Joint stereo refers to any stereo-encoding method that goes beyond simple encoding as two independent channels ("simple" or "L/R" stereo or DualMono). These methods exploit the similarities between channels and typically allow for more bits to be effectively used, increasing audio quality for a given bitrate. They are, however, not guaranteed to be perfect and could instead cause audible artifacts.
Some file formats, such as MP3, can do switch among these formats on-the-fly on a frame or sub-frame basis, for the sake of efficiency or quality. For example, a high-bitrate "joint stereo" MP3 file may contain a mixture of SS and MS frames, or it may contain all SS frames or all MS frames. Due to some historical accident, the term as applied in MP3 refers to a mixture of coding formats. In other words, a non-"joint stereo" MP3 will never contain a mixture of frame types.

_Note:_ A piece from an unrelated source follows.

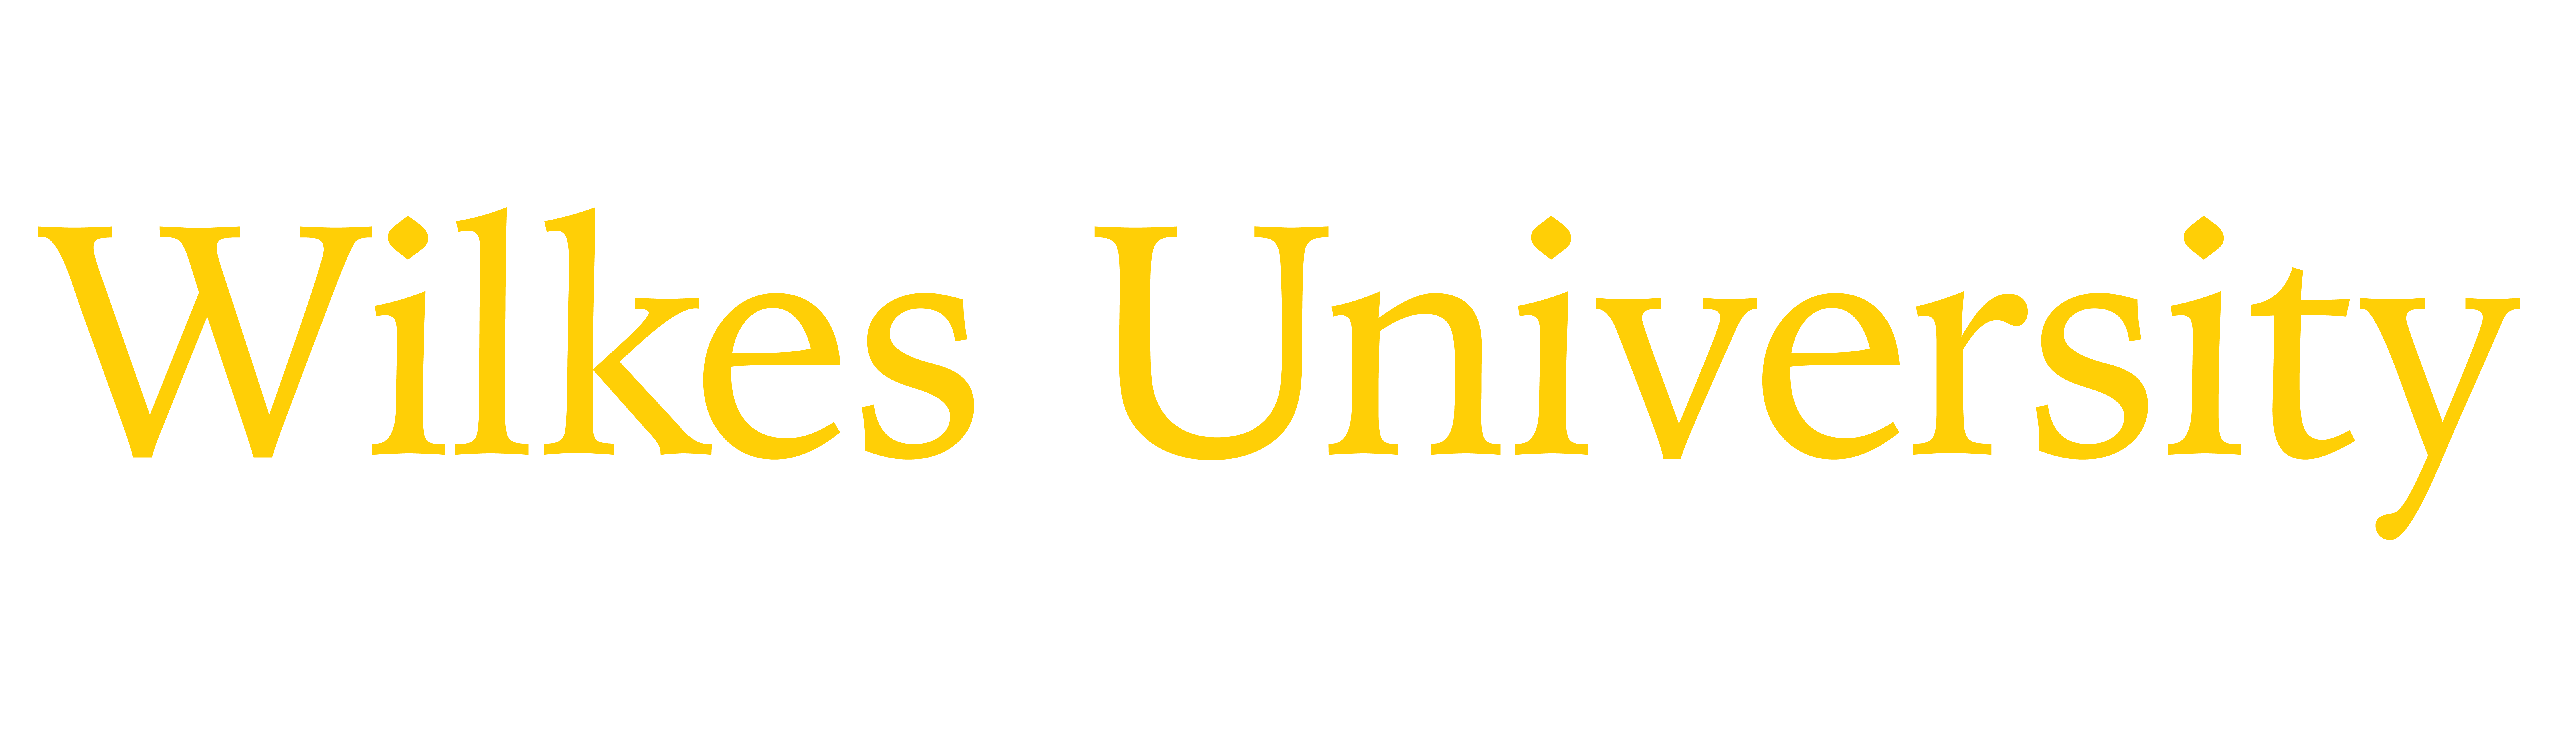 Wilkes University logo - horizontal with gold text

Stereo coding methods or "modes"
Left-Right (L/R) or "Simple" Stereo (SS)
Simple stereo is the most straightforward method of coding a stereo signal: each channel is treated as a completely separate entity. This can be inefficient and may adversely impact quality (as compared to other modes) when both channels contain nearly identical signals (i.e., are mono or nearly so).
Mid-side Stereo (MS)
Mid-side stereo coding calculates a "mid"-channel by addition of left and right channel, and a "side"-channel by subtraction, i.e.:
- M = (L + R) / 2, S = (L - R) / 2
- L = M + S, R = M - S
Whenever a signal is concentrated in the middle of the stereo image (i.e. more mono-like), mid-side stereo can achieve a significant saving in bitrate, since one can use fewer bits to encode the side-channel. Even more important is the fact that by applying the inverse matrix in the decoder, the quantization noise becomes correlated and falls in the middle of the stereo image, where it is masked by the signal.
Unlike intensity stereo which destroys phase information, mid-side coding is mathematically lossless (although subsequent lossy compression may cause phase degredation). Correctly implemented mid-side stereo does very little or no damage to the stereo image and increases compression efficiency either by reducing size or increasing overall quality. Mid-side is also simple enough to be implemented in FM radio and stereophonic Vinyl.
Mid-side stereo can use coefficients other than 1 in encoding and decoding. Allowing different contributions from each channel allows the codec to adapt to off-balance sources and retain the bitrate savings. This extension is found in opus, where an angle can be encoded.
Intensity stereo coding is a method that achieves a saving in bitrate by replacing the left and the right signal by a single representing signal plus directional information (in the form of amplitude ratios for each frequency range). This replacement is psychoacoustically justified in the higher frequency range since the human auditory system is insensitive to the signal phase at frequencies above approximately 2 kHz. To maintain the justification, a codec may only apply intensity stereo to higher-frequency parameters.
Intensity stereo is by definition a lossy coding method thus it is primarily useful at low bitrates. For coding at higher bitrates only mid-side stereo should be used.
Parametric stereo, found in HE-AAC, is similar to intensity stereo, except that the directional information also includes phase and correlation. The phase information makes this algorithm also capable of keeping low frequency location cues (by inter-aural time differences), while the (de-)correlation information helps add ambience by synthesizing some difference between channels.
Parametric stereo is also lossy and mostly useful at low bitrates. It's only something that makes intensity stereo a little more bearable.
The phase aspect is covered by a few patents applied in 1997~2000 (EP1107232A3, EP0797324A2), which should have expired. The ambience part (EP1927266B1) will expire in 2026, so do not expect any new experimental codec to use it yet.
Some early MP3 encoders didn't make ideal decisions about what mode to use from frame to frame in joint stereo files, or how much bandwidth to allocate to encoding the side channel. This led to a widespread but mistaken belief that an abundance of M/S frames, or the use of joint stereo in general, always negatively impacts channel separation and other measures of audio quality. This is not an issue with modern encoders. Modern, optimized encoders will switch between mid-side coding or simple stereo coding as necessary, depending on the correlation between the left and right channels, and will allocate channel bandwidth appropriately to ensure the best mode is used for each frame.
- See e.g. https://web.archive.org/web/20180714000735/http://jmvalin.ca/papers/aes135_opus_celt.pdf, sections 4.5 [IS frequency], 4.5.1 [M/S angle]
- Purnhagen, Heiko (October 5–8, 2004). LOW COMPLEXITY PARAMETRIC STEREO CODING IN MPEG-4" (PDF). 7th International Conference on Digital Audio Effects: 163–168.